## [Task goal]
Among the entries that follow, locate the line with "Inspirational CG Image of a Stylish Interior" and the line with "Shen - Fonts". Output those lines and all lines in between, exactly, minus the pictures.

++++ Provided entries

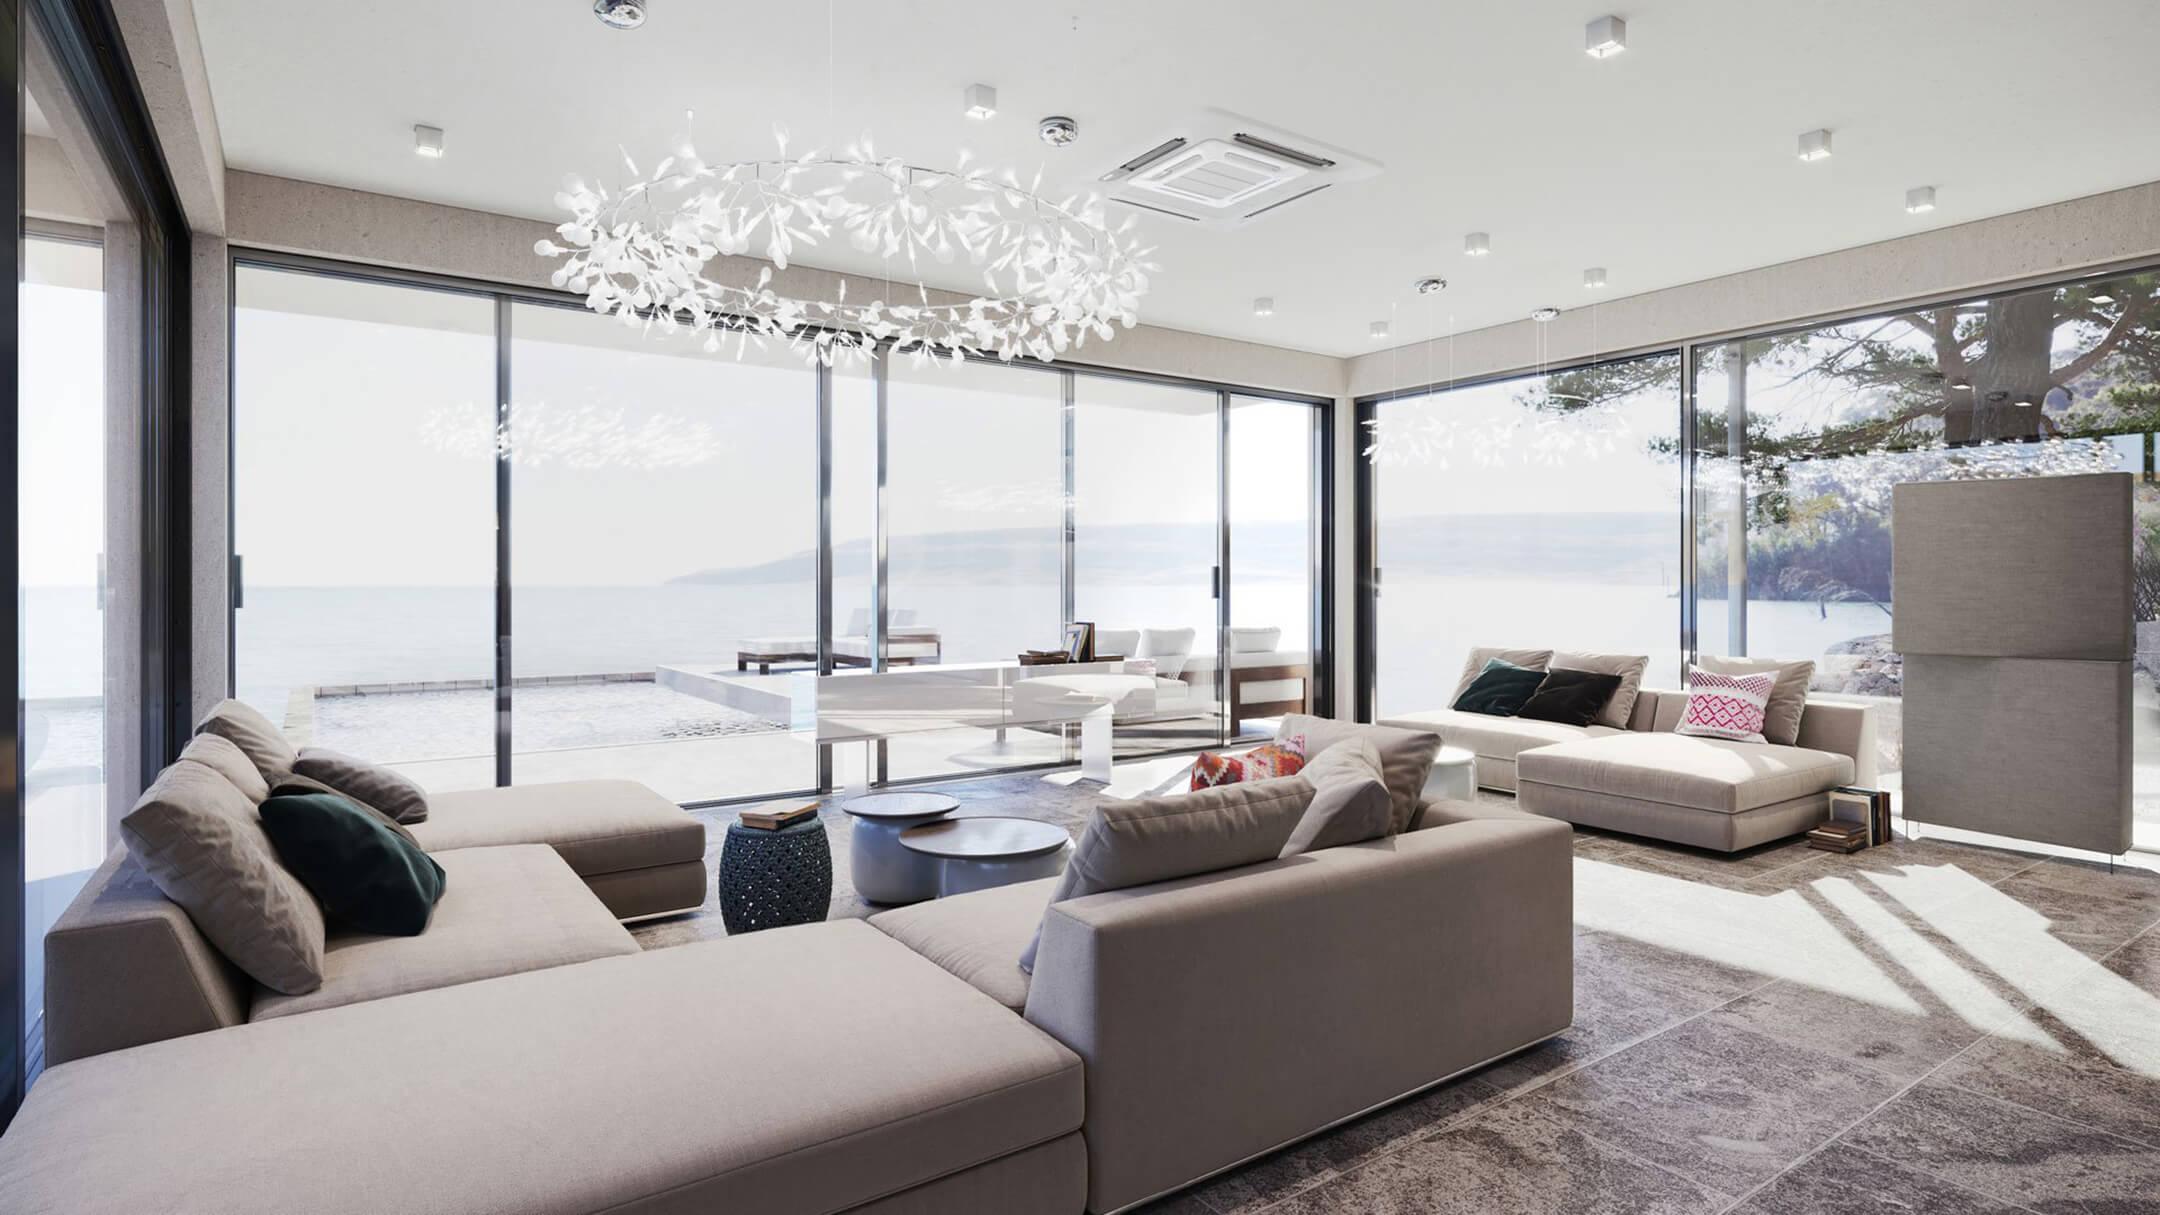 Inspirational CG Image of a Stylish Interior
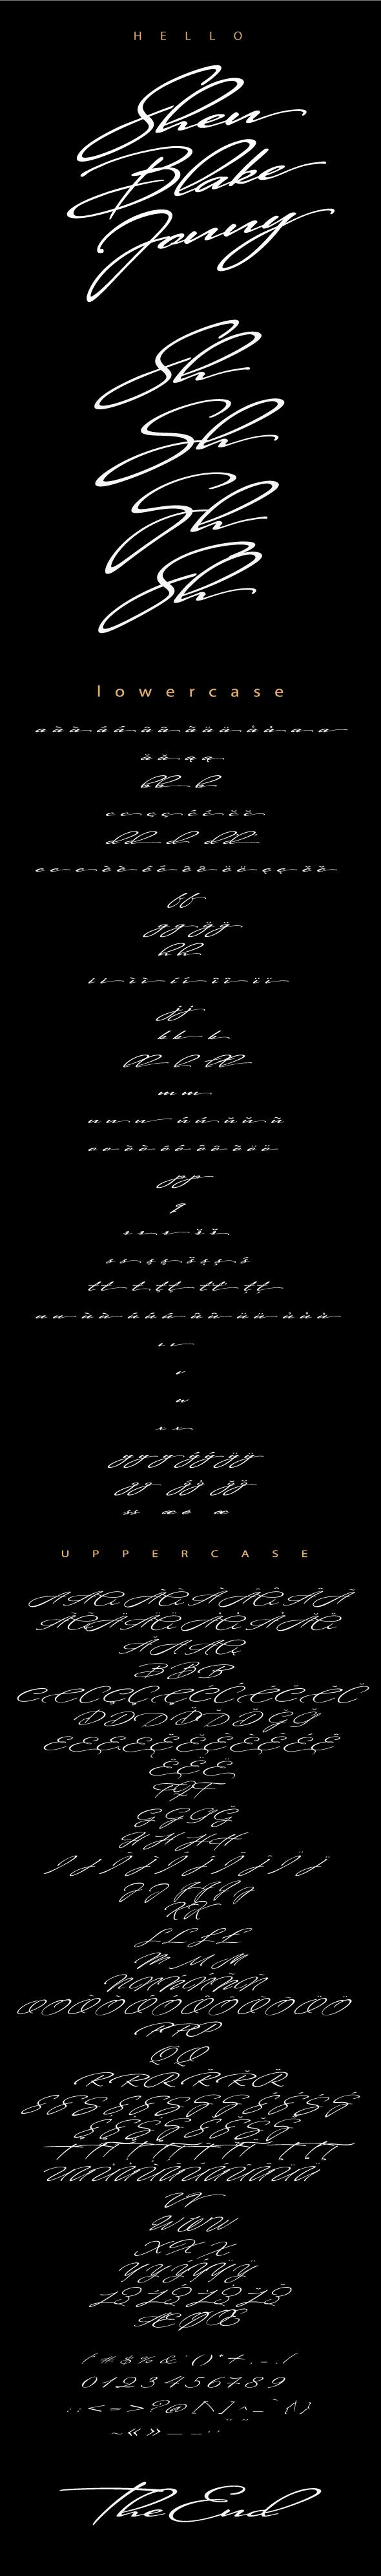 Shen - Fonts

++++++++
++++ Provided entries

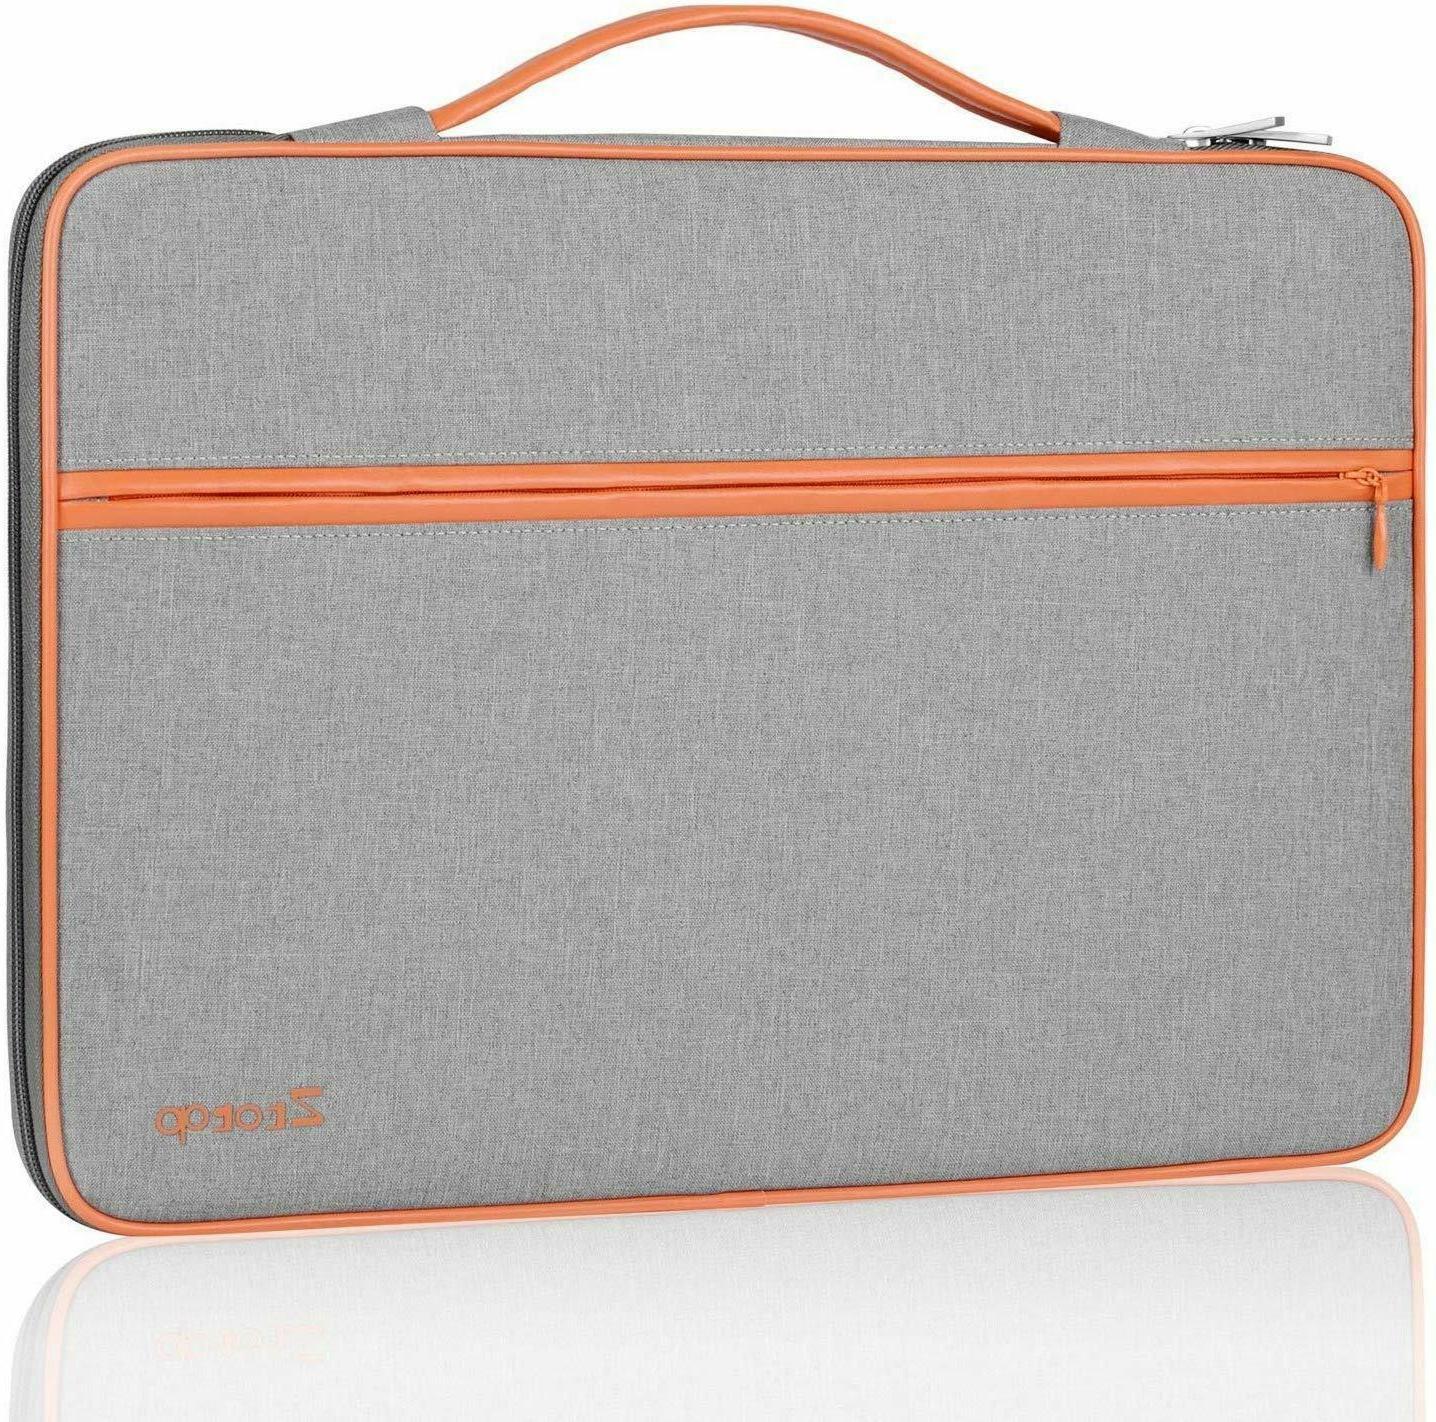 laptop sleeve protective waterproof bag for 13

++++++++

## [Output for this exercise]
 Inspirational CG Image of a Stylish Interior
 Shen - Fonts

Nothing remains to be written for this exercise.